Baca juga: Sebelum Jenderal S. Parman Pergi
Komunisme mempengaruhi Djukardi justru tak lama setelah dirinya ikut menumpas Madiun Affair. Menurut Helen-Louise Hunter dalam Sukarno and the Indonesian Coup: The Untold Story, itu terjadi sejurus komunikasinya dengan kepala Biro Khusus PKI Sjam Kamaruzaman kurun 1953-1954.
“Djukardi mengatakan bahwa Sjam adalah anggota ‘PKI Malam’ yang para anggotanya merupakan anggota-anggota rahasia yang saling terkotak-kotak dengan anggota biasa atau ‘PKI Siang’. Hingga 1958-1959 pun Djukardi masih rutin berkontak dengan Sjam. Lalu pada Agustus 1965, Djukardi mengaku diperkenalkan Sjam kepada seseorang bernama Rachmat yang menceritakan tentang (presiden) Sukarno yang sakit-satitan dan adanya rencana Dewan Jenderal untuk mengambil tampuk kekuasaan,” tulis Hunter.

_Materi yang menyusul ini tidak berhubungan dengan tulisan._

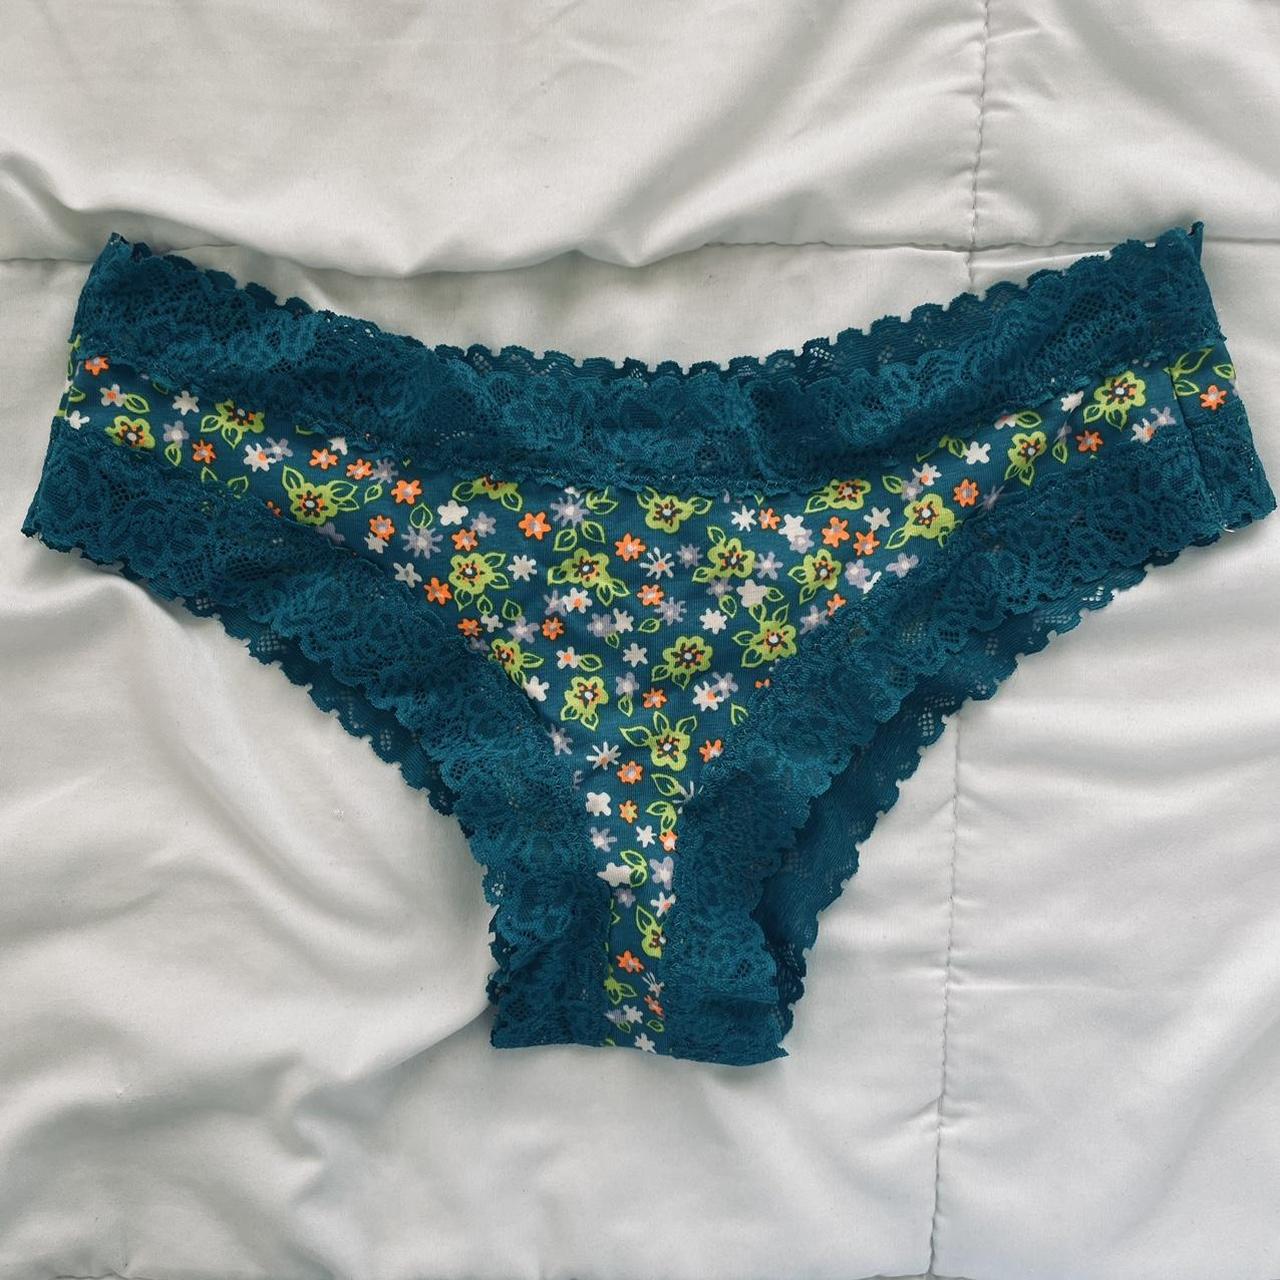 savage x fenty lingerie set bralette and underwear - Depop

Rachmat, lanjut Hunter, meminta Djukardi untuk melakukan persiapan militer di wilayah Kodam VI sebagai langkah antisipatif jika Dewan Jenderal bergerak. Maka bersama sejumlah perwira Siliwangi lain yang sudah terpengaruh paham kiri, Djukardi mendiskusikan kemungkinan rencana penculikan para perwira tinggi Kodam VI.
“Akan tetapi Djukardi mengaku bahwa ia menolak untuk memimpin pasukan untuk mengkudeta (para pimpinan) Kodam VI. Oleh karenanya pasukan itu akan dipimpin sendiri oleh Rachmat. Kemudian Djukardi memberi 16 nama perwira di internal Kodam VI yang ia kenal untuk berkontak dengan Rachmat,” tukas Hunter.
Pengakuan-pengakuan tersebut lantas dicatat dalam pemeriksaan. Sesudah itu, menurut buku Album Kenangan Kodam VI/Siliwangi, 1946-1977, Kolonel Djukardi diajukan ke pengadilan militer sebagai terdakwa. Karena dinyatakan terlibat dengan PKI yang menggelar G30S, Djukardi dinyatakan bersalah dan diganjar 19 tahun penjara atau setahun lebih ringan dari tuntutan jaksa.